Second-chance mates were rare enough to be whispered about like myth, but no one who lived through them called them blessings.
The Moon Goddess only gave a bond again after she had already taken everything from you once.
I wanted to deny it, to laugh at the cruelty of being handed fate at the exact moment my body was too drugged to fight anything-but my instincts didn't laugh.
They went still, like every cell in me had leaned forward to listen.
Alpha Damien's gaze raked over my face.
I forced Clara's arrogance into my posture because it was the only shield I had.
"You ran." His voice was calm, almost conversational, which somehow made it worse. "That suggests you know why you're here."
"I ran because your guards are clumsy." I let my tone carry disdain rather than panic. "If I'm meant to pay a debt, you could at least collect it with competence."
For a heartbeat, something flashed in his eyes, interest perhaps, or irritation, but it didn't warm him.
It sharpened him.
Then he tilted his head slightly, and I realized with sick certainty that he wasn't watching me the way a man watched a woman.
He was scenting me.
The perfume at my throat was suffocatingly sweet, a crude attempt to overwrite truth-but wolves didn't rely on surface.

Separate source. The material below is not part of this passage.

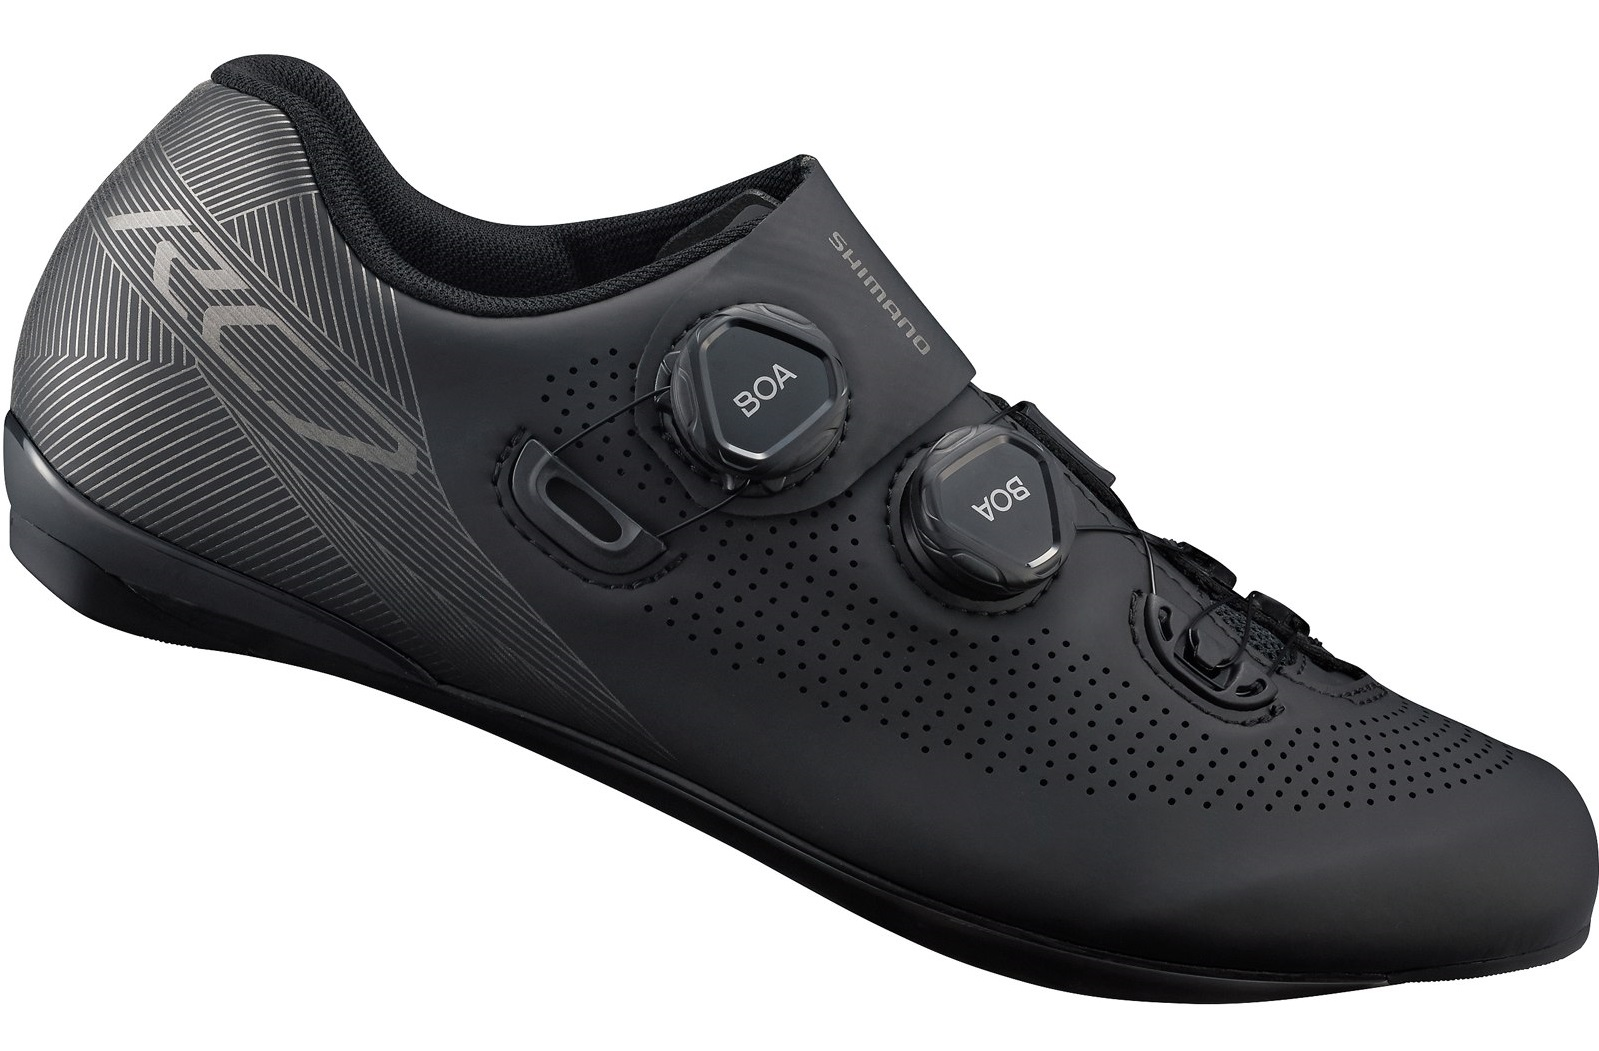 Čevlji shimano sh-rc7 (sh-rc701) black

They read what lived beneath skin, beneath breath, beneath fear.
In that moment, the drug felt like both curse and blessing: it dulled my strength, yet it couldn't fully dull what I was.
Lily's warning trembled in my mind.
[He'll smell you. Even through it.]
Alpha Damien stepped closer, and the pressure in the room tightened until it felt like I was being pinned by air alone.
His hand came up and caught my chin, not rough, not gentle, simply certain, and he turned my face slightly as if confirming what his senses already knew.
"You're wearing her scent," he murmured.
I refused to answer. Any lie would be measured against the truth in my blood.
His thumb brushed the corner of my mouth, and I realized too late that blood from my bitten lip had smeared there-faint but real.
A single careless mistake.
I felt it before I saw it: the subtle shift in him, the moment his calm fractured like ice under pressure. His nostrils flared.
His throat worked once. His eyes darkened as though something inside him had lunged forward, impatient with restraint.
"Not her," he said under his breath, so quiet it might have been meant only for himself.
My heart slammed against my ribs.
I forced a smile, cold and sharp. "Congratulations, Your Majesty. You can still tell one woman from another."
That should have earned me punishment.
Instead, his gaze held mine with something dangerously intimate-curiosity that tasted like possession.
"Name." The word dropped lower, demanded.
I should have said Clara.
I should have clung to the identity my father had painted onto me like perfume.
But my breath hitched.
When I spoke, my voice came out rough but steady-because pride was the only thing the drug couldn't steal.
"If you want answers," I said, "you'll pay for them."
His mouth curved. Not into kindness. Into a quiet, terrifying certainty.
"Price?" he asked.
The suffocating awareness that the room had narrowed until there was only him, and me, and the ancient pull tightening like a noose around both our throats.
Alpha Damien leaned in slowly.
Close enough that his breath brushed my ear. Close enough that my fingers caught the lapel of his coat, as if my body had decided that falling would be less dangerous if I fell into him.
He paused there, hovering at the edge of contact, the edge of ruin, as though he were savoring the moment before the world changed.
"Whatever you think the cost is," he murmured, voice like velvet wrapped around steel, "I can afford it."